October-November 1999

  • City plans traffic restricted area for Broadgate
  • Another fatality - read this message from Gary Cummins, Borough Co-ordinator.
  • New Strategy Document
  • The London Triathlon
  • Exclusive Lee Hurst interview
  • £25
    average fine handed out by courts for
    footpath cycling

    £250
    average fine handed out by courts for
    causing death by careless or dangerous driving


    top | East London Cyclist
    City plans traffic restricted area for Broadgate
    The City of London, along with Islington, Tower Hamlets and Hackney have supplied Wheelers with details of proposals for a series of road closures between City Road and Spitalfields, and sought our comments. The scheme is intended to discourage through traffic, and thereby improve the environment within the area bounded by Worship Street, Norton Folgate/Bishopsgate, Broadgate Developement, South Place and Finsbury Pavement/City Road. All the road closures will have exemptions for pedal cycles, and the one-way section of (one-way working) at the eastern end of Worship Street will incorporate a contra-flow cycle lane. Other service traffic will be able to enter the area, but by only two points, one at South Place and the other at Norton Folgate. Restrictions will initially be in the form of plastic barriers and when fine tuning of the scheme has been completed more permanent solutions will be put in place.

    This is a highly enlightened scheme for the City and boroughs to propose. We will be endorsing the project in full.


    top | East London Cyclist
    Another Fatality
    As this copy of the newsletter was being put together, another cyclist has been killed on the streets of Tower Hamlets, few details yet, but the fatality occured at the junction of Mile End Road and Burdett Road on Friday, 24 September.

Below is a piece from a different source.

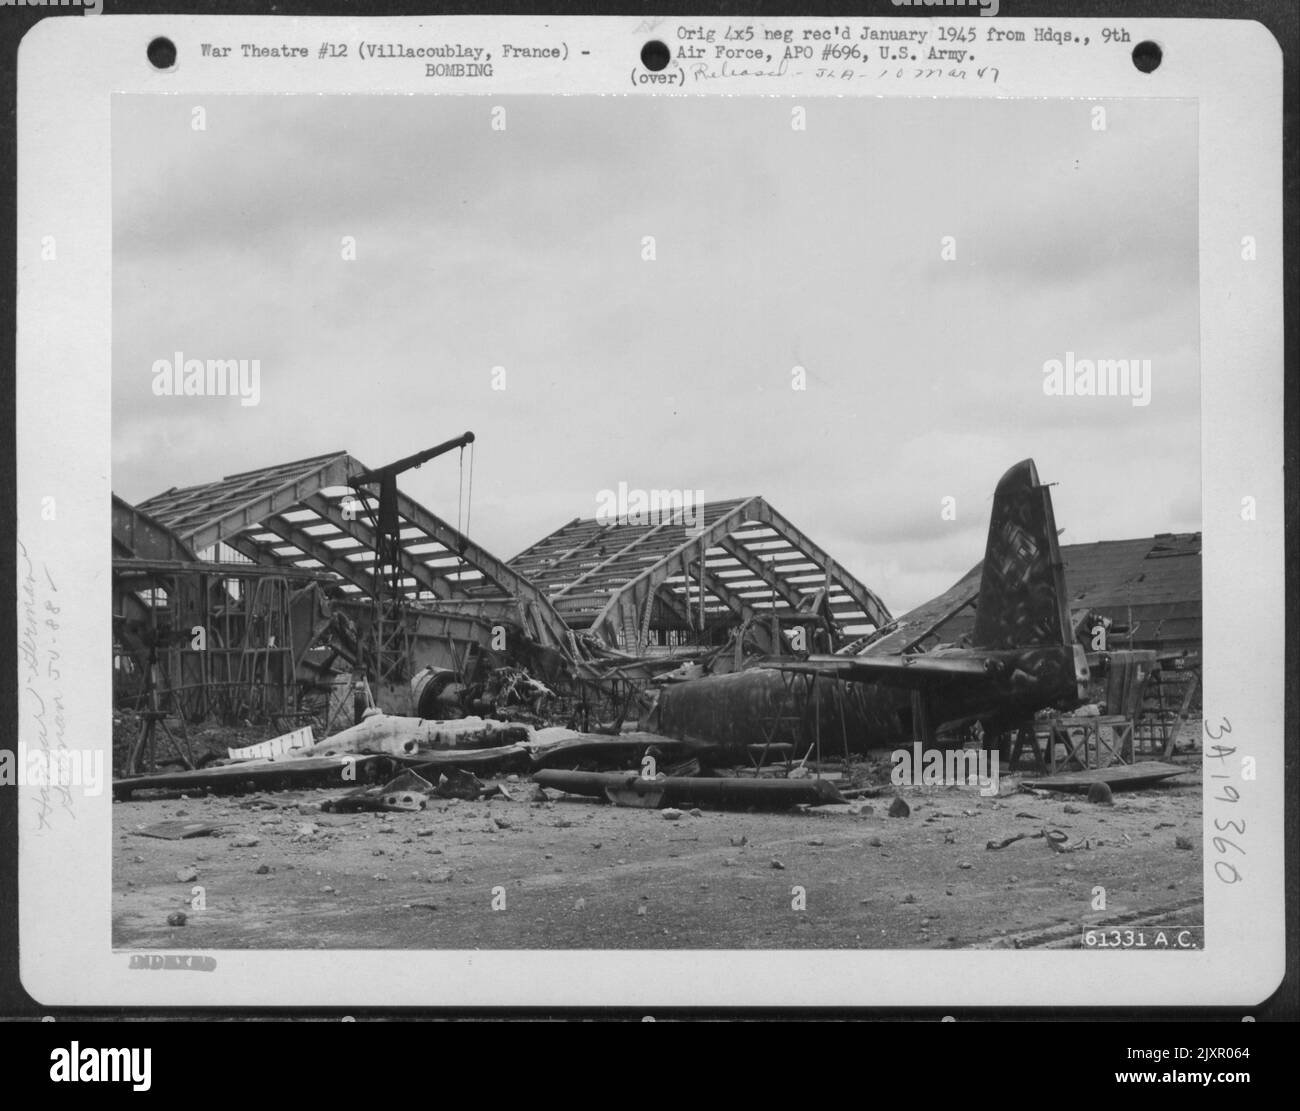 Questo aereo tedesco Ju 88 era in procinto di essere riprogettato quando le bombe americane caddero nell'Airdrome and Repair Depot vicino Villacoublay, Francia. Prendere nota del paranco a catena sospeso dal braccio e del nuovo motore che era pronto per l'installazione. 1 se Foto Stock

    Latest: Further details and what you can do to help improve our cycling facilities have now been posted in this message to THW/LCC members from Gary Cummins, Borough Co-ordinator.


    top | East London Cyclist
    New Strategy Document
    You will have received a copy of this document produced by the council with your last copy of ELC, some of you will recieve a copy with this newsletter. The fact that the borough officers are giving you the opportunity to ask questions is a positive move. Please respond to this initiative, I know many of you have not. While this document is a step forward, the way it is produced is arguably a disincentive to take to the streets of the East End on a bike. Only one cyclist is clearly shown in the document, and he appears to be dressed for cycling in an off-road mountain bike race down Everest; state of the art bike, helmet, gloves, back pack and body armour etc. If the borough really want to encourage bicycle use in Tower Hamlets they need to remember that all types of people can ride a bike. The image shown in this brochure may suggest to a potential cyclist that this method of transport is dangerous and only be undertaken by the fit and carefully equipped. Helmets are currently worn by only 16% of the British cycling population, and are a positive discincentive toward taking up cycling for many people. Motorists take to the road with none of this specialised equipment, cyclists should not need to either.
     
    THC strategy

    top | East London Cyclist
    The London Triathlon
    19 September 1999
    Swim 1.5km; Bike 40km; Run 10km.

    Wheelers were represented in the third London Tri this year in the person of Oscar Franklin, who had spent six months training for this gruelling event.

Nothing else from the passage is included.